People were taking a combination of presrciption, OTC and herbal drugs
Nearly half of over 65s are taking five or more drugs, and without regular reviews this may be both dangerous and costly to the NHS, pharmacists say.
The Royal Pharmaceutical Society (RPSGB) says not only are lots of older people taking a "cocktail" of drugs, many are not taking them as prescribed.
Over 60% of 500 polled believed they may be suffering side-effects from the drugs, but many did not tell a doctor.
Older people account for about half of the NHS's £4bn drug bill.
Many of these drugs are on repeat prescriptions, the society notes, and could have been prescribed for conditions the patient no longer has.
The RPSGB polled 457 people aged 65 and above on their medications - which included prescriptions, drugs bought over the counter and herbal medications.
The society is urging all older people to request a medication review from their pharmacist. Regular monitoring of drugs regimens was a recommendation of the 2001 national service framework for older people, with the aim of maximising the benefits and minimising harm.
According to the RPSGB research one in five are not taking medications as prescribed, and one in seven do not take their pills at the recommended time.

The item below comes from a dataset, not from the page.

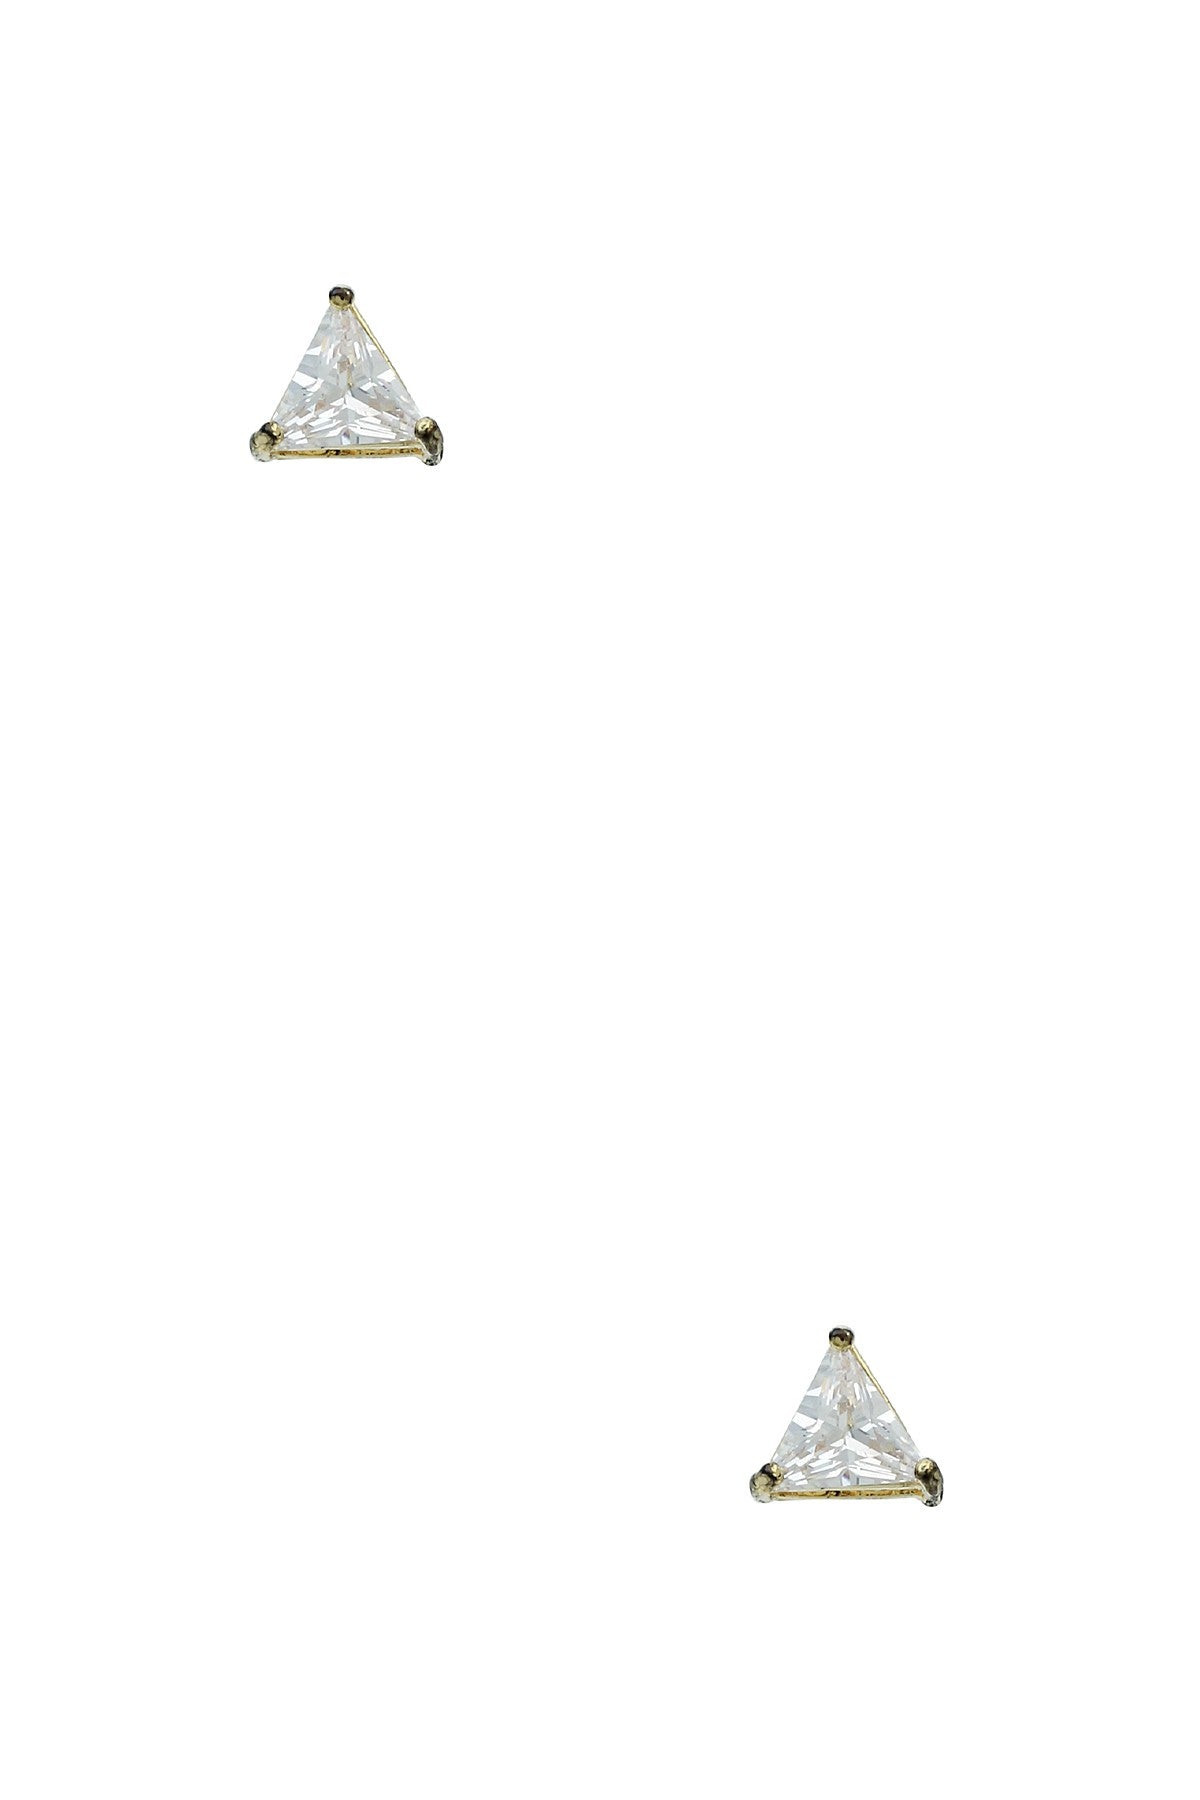 Jewelry- EARRINGS- triangle 7mm crystal stud earring

The medication of older people has long been an area of concern: the combination of ageing bodies less able to cope with drugs, treatment by multiple doctors for multiple conditions, and known problems in adhering to the instructions, all raise the risk of adverse reactions.
Statistics show that the over-65s are three times more likely to be admitted to hospital because of such reactions, which can lead to falls, delirium and gastrointestinal bleeds among others.
As many as 17% of hospital admission are due to these adverse reactions, and it is estimated that over three-quarters of these "are predictable and preventable", the RPSGB says.
Jonathan Silcock, lecturer in pharmacy at the University of Leeds, said research painted a mixed picture as to the effectiveness of regular reviews by pharmacists in reducing hospital admissions, but a well-trained professional could potentially pick up problems.
"Inevitably people do get put on more drugs when they get older because they suffer from more chronic conditions - this is often the right thing to do, but the problem is we don't necessarily know how these drugs are going to work in combination.
"GPs are excellent at prescribing, but they are not always so good at knowing when to stop, and they may not always have the time to conduct a through review. That's where the well-trained pharmacist could have a key role."
Dr Finbarr Martin, consultant in general and geriatric medicine at Guy's & St Thomas' NHS Foundation Trust, said while pharmacists had an important role, "this is something that all primary care health professionals need to engage with.
"Some older people will be fine on a variety of medications - some will not - and there's not been enough research. We have to really look into constructing a model that makes sure the needs of the frail at the primary care level are met and regularly reviewed - involving GPs, pharmacists and community matrons."
William Bytheway of the faculty of health and social care at the Open University suggested people on long-term medication kept a diary to note any side-effects and advice received.
But he added it was not helpful to "blame older people for poor use of medicines nor, for that matter, to blame the prescribing professionals.
"What is required is a better understanding all round of the benefits and risks of medication in later life; an understanding which makes clear distinctions between essential life-sustaining medication and non-essential medicines and pharmaceutical products."
Michelle Mitchell, charity director for Age Concern and Help the Aged said: "When people are buying over-the-counter medicines it is vital they inform the pharmacist of any other prescription drugs and medicines they are taking.
"Getting the correct advice and reassurance could very well be the best medicine of all."